[Xapian-discuss] xapian performance

Wed Nov 22 23:31:35 GMT 2006

On Wed, Nov 22, 2006 at 06:55:21PM -0200, Fernando Nemec wrote:
> Do you think its better to have a large set of queries or this will do
> fine?

The effects will depend on the queries, but Arjen has already tested a
larger set so I was mostly hoping you could confirm there was no
regression for the two term case.

> This was made *without* experimental phrase optimization patch:
> 
> <!--Xapian::Query(lula)-->
> 0m0.412s
> <!--Xapian::Query((presidente PHRASE 2 lula))-->
> 1m5.062s
> <!--Xapian::Query((governo PHRASE 6 do PHRASE 6 estado PHRASE 6 de PHRASE 6 sao PHRASE 6 paulo))-->
> 1m14.193s
> 
> That was made *with* phrase optimization patch:
> 
> <!--Xapian::Query(lula)-->
> 0m0.379s
> <!--Xapian::Query((presidente PHRASE 2 lula))-->
> 0m58.514s
> <!--Xapian::Query((governo PHRASE 6 do PHRASE 6 estado PHRASE 6 de PHRASE 6 sao PHRASE 6 paulo))-->
> 1m2.503s

It's interesting that the first case is sped up (by 8% which is little
high to be noise) - the patch shouldn't change non-phrase queries at
all.  Is this SVN HEAD with and without this patch?

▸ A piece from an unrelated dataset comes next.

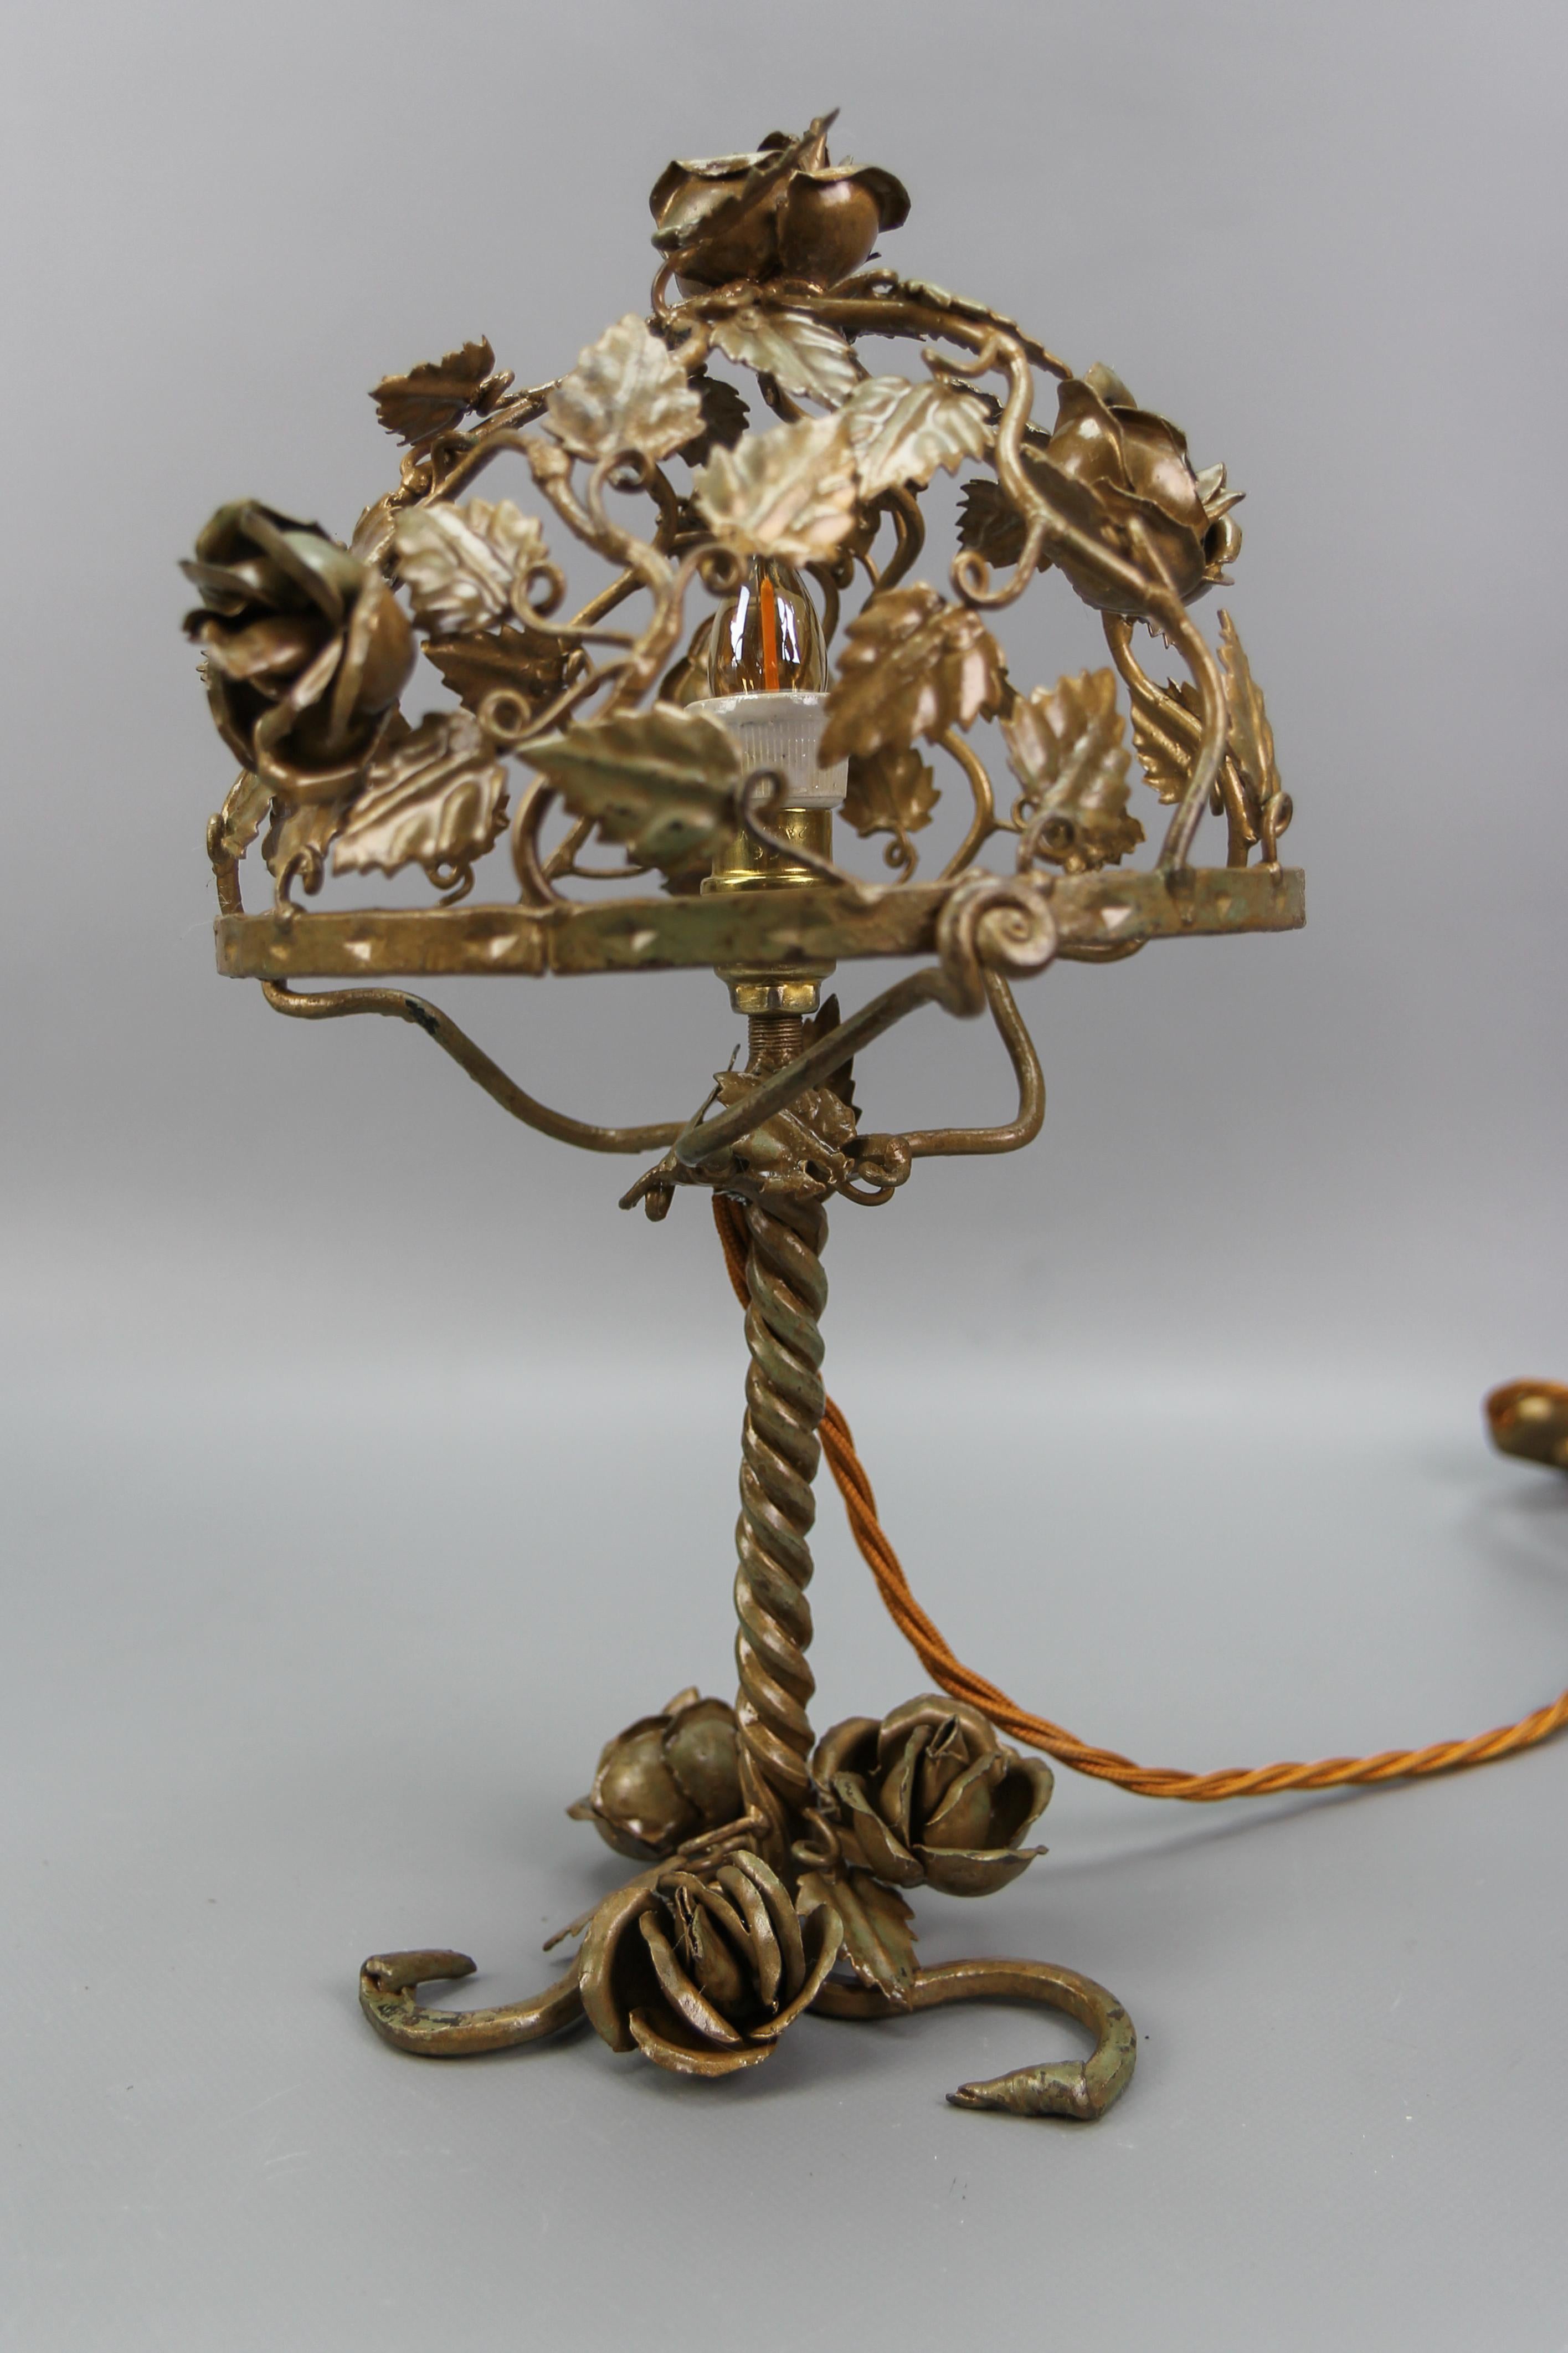 Cette belle et inhabituelle lampe de table en métal doré présente un corps en métal décoré de roses et de feuilles.
Une nouvelle douille pour une ampoule de taille E14.
Dimensions : hauteur : 31 cm / 12.2 in ; diamètre : 21 cm / 8.26 in.
En bon état

http://www.oligarchy.co.uk/xapian/patches/xapian-experimental-phrase-optimisation-v2.patch

Are you timing Omega?  If so, did you try removing $topterms from your
query template?

And how are you timing?

If this is "wall-clock" time from the "time" utility/built-in, what are
the user and system times?

> I don't know if this is relevant but may be it is. On this query
> 
> <!--Xapian::Query((presidente PHRASE 2 lula))-->
> 
> cache seems to do not affect this query at all. Even if I search the
> exact same query seconds later the search time is high and almost the
> same.

I think this must mean that we need to read so many disk blocks for
this query that not many end up cached.  I think you said you had 1GB
of RAM, so there might not be all that much left for caching.  What
does the "free" command report?

> If there's anything else I can do to help to fix this issue, please
> let me know.

It would be interesting to try measuring just how many blocks we
actually read - this will be a repeatable measure, whereas timings
from cold disk cache are much harder to exactly repeat.  Try applying
this patch:

http://www.oligarchy.co.uk/xapian/patches/flint-count-read-blocks.patch

This reports the number of blocks read from each table of each flint
database to stderr (the report happens whenever a database is closed).

Cheers,
    Olly